では、賢く世帯収入を増やしていく3つのステップとはどういったものでしょうか? 会社員の夫とパートの妻の夫婦の場合で考えてみましょう。
配偶者控除改正による損しない働き方STEP1:すぐにでも仕事探し
妻が急に働き始めるといっても、なかなか大変です。労働環境もさまざまですし、家事はもちろん、子どもがいる場合は育児との両立などを考えなくてはいけません。まずは、長く働ける環境を整えることを目指しましょう。すぐにでも職場や仕事を探して、働き始めることを目標に。何事も始めるのなら早い方がいいものです。短時間でも週1日でも働けるような仕事をみつけましょう。
実際の職探しは長期間にわたるかもしれませんが、探している間に、どのような人材が求められているかも実感できることでしょう。求められている人材に近づく努力をしながら、長く働ける、収入アップが見込める仕事を選ぶのがポイントです。
配偶者控除改正による損しない働き方STEP2:年収130万円まででキャリアアップを目指す
仕事を始めても、がむしゃらにただ働くだけというのはNGです。2018年からは配偶者控除特別控除を受けられる年収が150万円になったということで、むやみに勤務時間を増やして収入を増やすのは得策ではありません。はじめはウオーミングアップ期間と考えましょう。目先の収入を増やすより、キャリアップにつながることが大切。働く時間を増やすのではなく、時給が増える方法を考えるのです。今、年収103万円以内で仕事をしているという人も、キャリアップを考えましょう。103万円以内に収入を抑える理由は2017年までで終わりました。

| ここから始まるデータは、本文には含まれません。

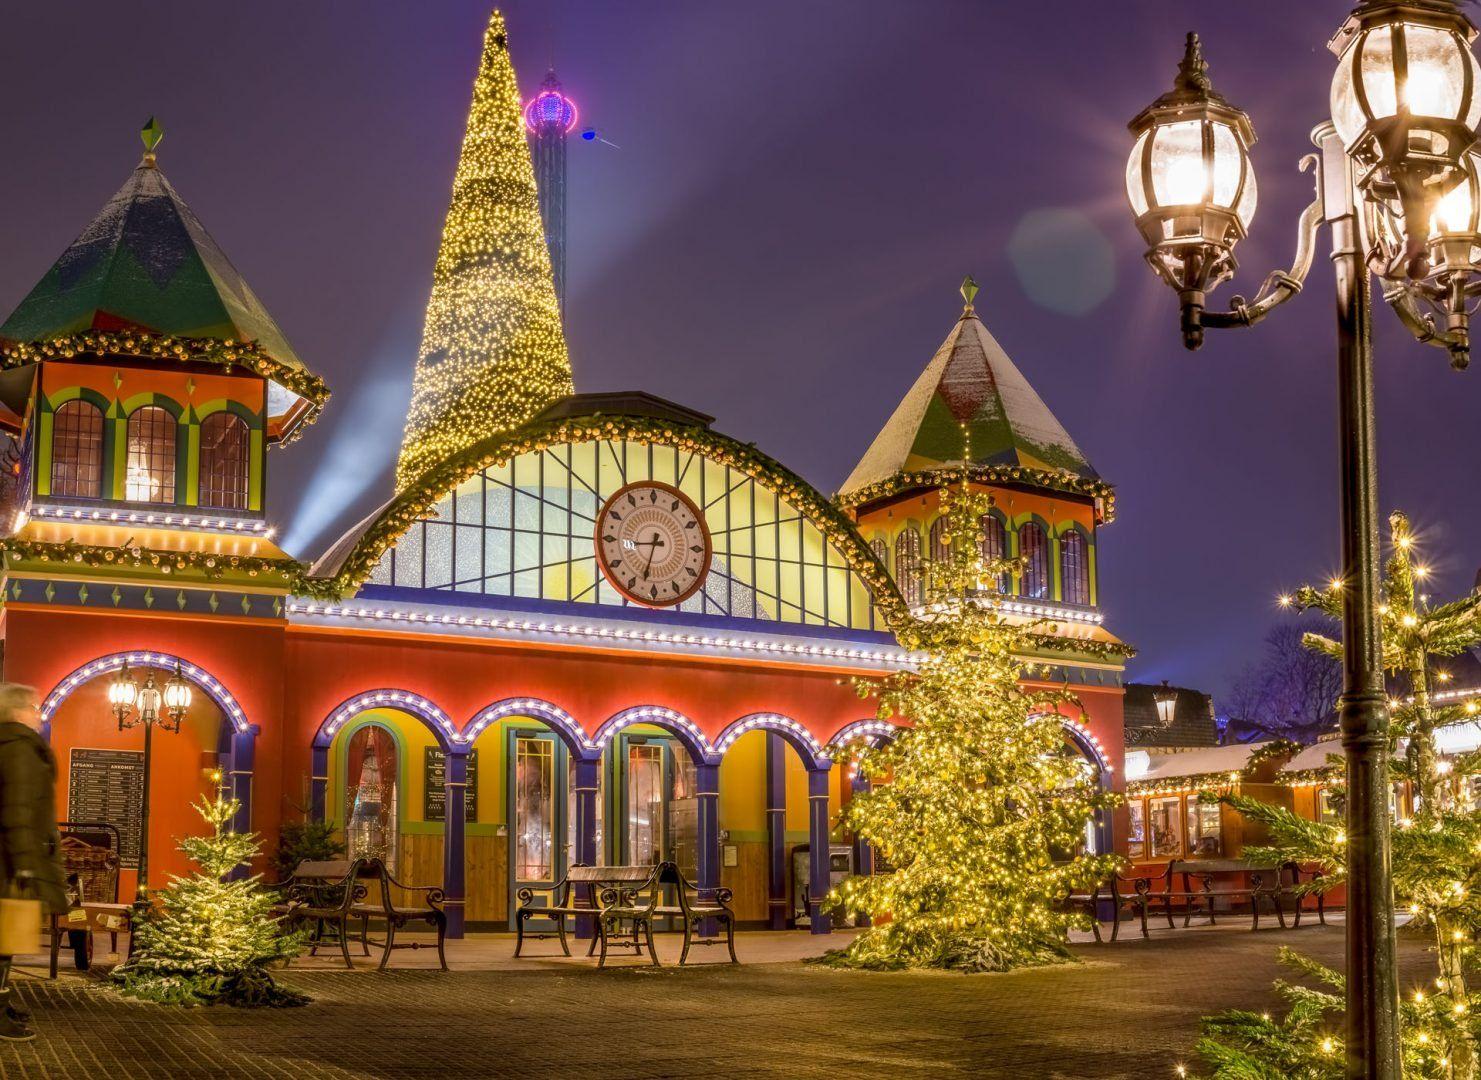 2021 Washington Christmas Bazaar 20 Of The Most Picturesque Christmas Destinations Rough Guides

ここで、所得税の配偶者控除が年収150万円まであると考えるのは少し危険。夫が会社員や公務員の場合、年収130万円までの配偶者は扶養配偶者として社会保険料(年金、健康保険)を納める必要がありません。この恩恵は大きいものです。
ただし、一部の人は給与年収106万円を超え自ると、らが社会保険に加入することになります。週20時間以上、年収106万円以上、勤務期間2カ月超(見込み)、従業員101人以上の企業などの条件で働いている場合です。この場合は、106万円を超えると手取りが減るという逆転状態に。
とはいっても、自ら社会保険に加入できるというのは、メリットともいえます。将来受給する老齢年金は増えますし、自ら健康保険に加入することで傷病手当金が受給できるなど、良いこともたくさんあります。

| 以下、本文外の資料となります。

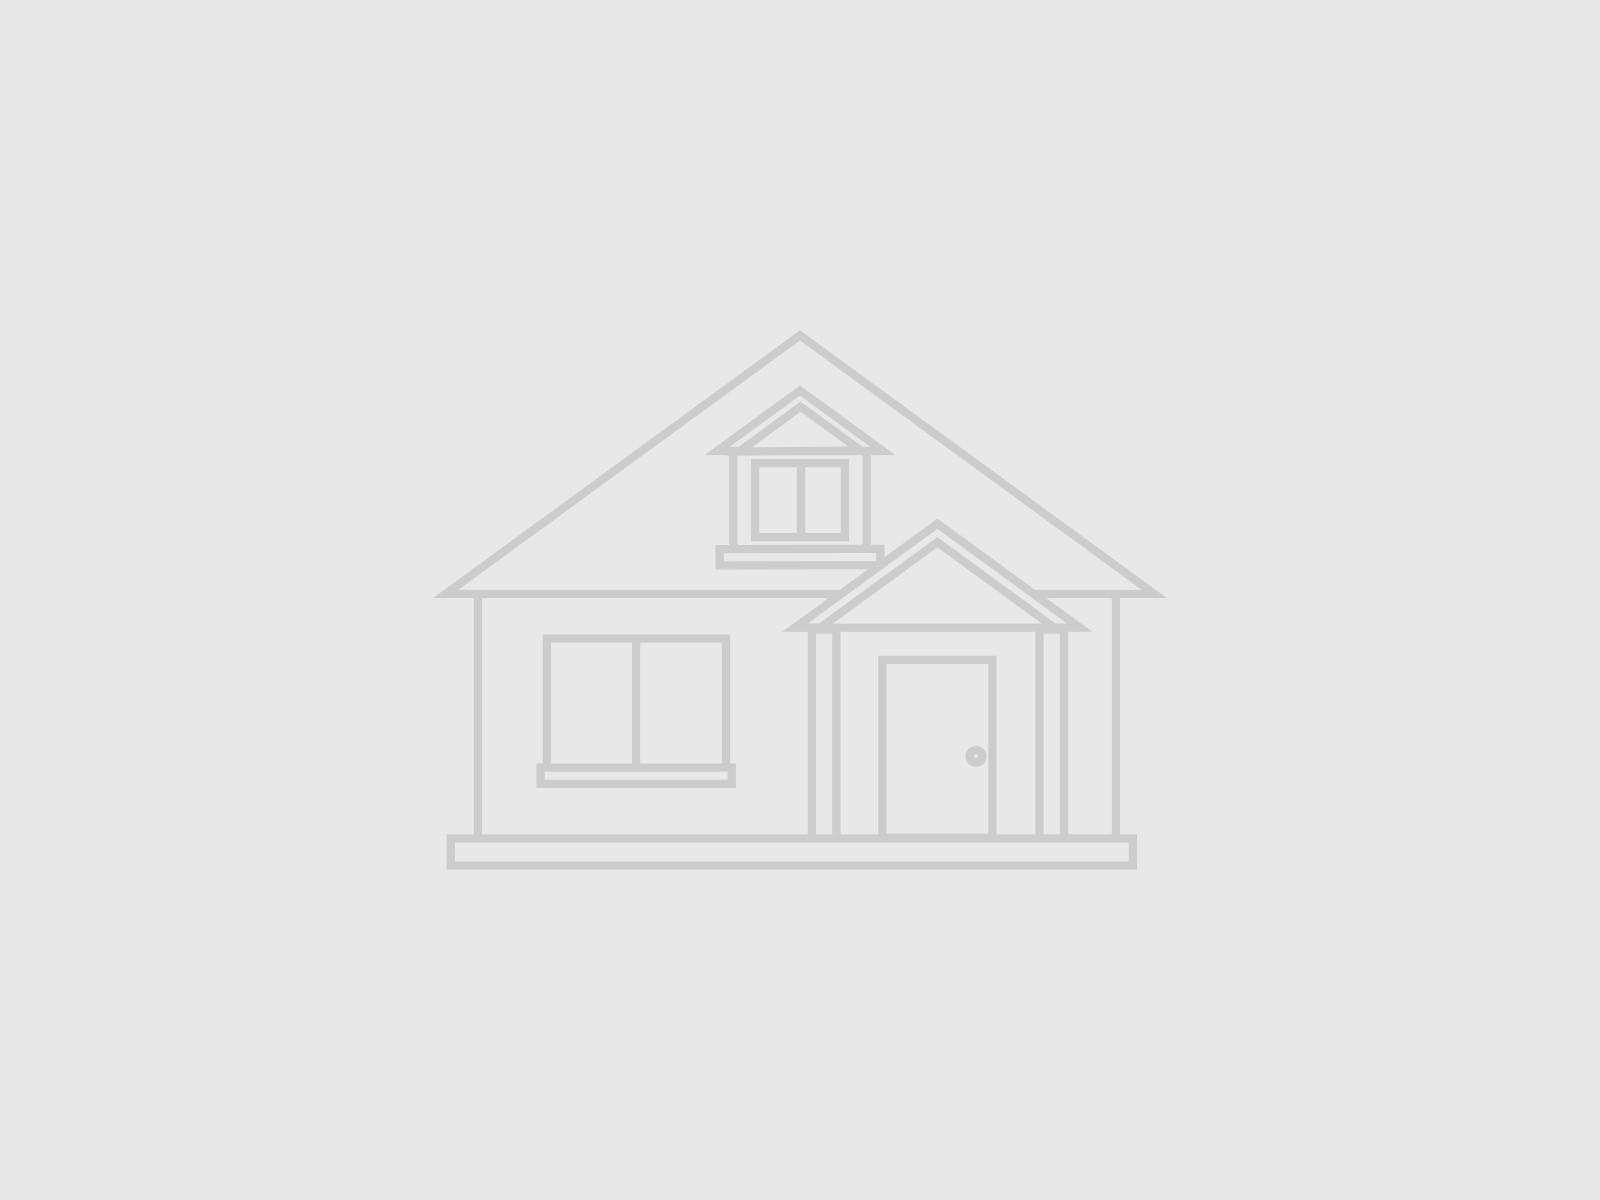 3321 diamond key ct a luxury single family home for sale in burnt store marina punta gorda, florida property id c7420929 christie s international real estate

まずは年収130万円(一部106万円)までに抑えながら、資格をとったり、仕事に必要な勉強をしたりするなど、自己投資の期間としましょう。そして、ステップ3に進みましょう!
配偶者控除改正による損しない働き方STEP3:タイミングをみて年収170万円以上を目指す
家族の状況や時給アップの進捗、ステップアップの様子にあわせて、一気に年収アップを目指しましょう。夫の扶養からはずれて、自分自身で社会保険料(年金、健康保険)を払っても、世帯収入が減らないところまで働くのです。社会保険に自ら加入しそのメリットを享受し、さらに世帯年収アップとするのです。ここで、所得税の配偶者特別控除の150万円の壁に惑わされてはいけませんよ。所得税の配偶者控除、配偶者特別控除は世帯年収に大きく響くことはありません。150万円までに抑えると、逆に社会保険料の負担が多くなり、手取りが増えなくなる場合もあるでしょう。
計算すると年収170万円を超えるとその負担分を超えて手取りが増えていきます。ですから、一気に年収170万円を目指すのです。あとは、状況に応じて収入アップを考えていくだけです。
以上、配偶者控除が変わっても損をしない、妻が働き始めるための3ステップをご紹介しました。
今からしっかり働けるという人は、年収130万円、150万円などといわずに、年収170万円を超えて働くのがベストです。それぞれのライフスタイルをふまえて、働き始めてくださいね。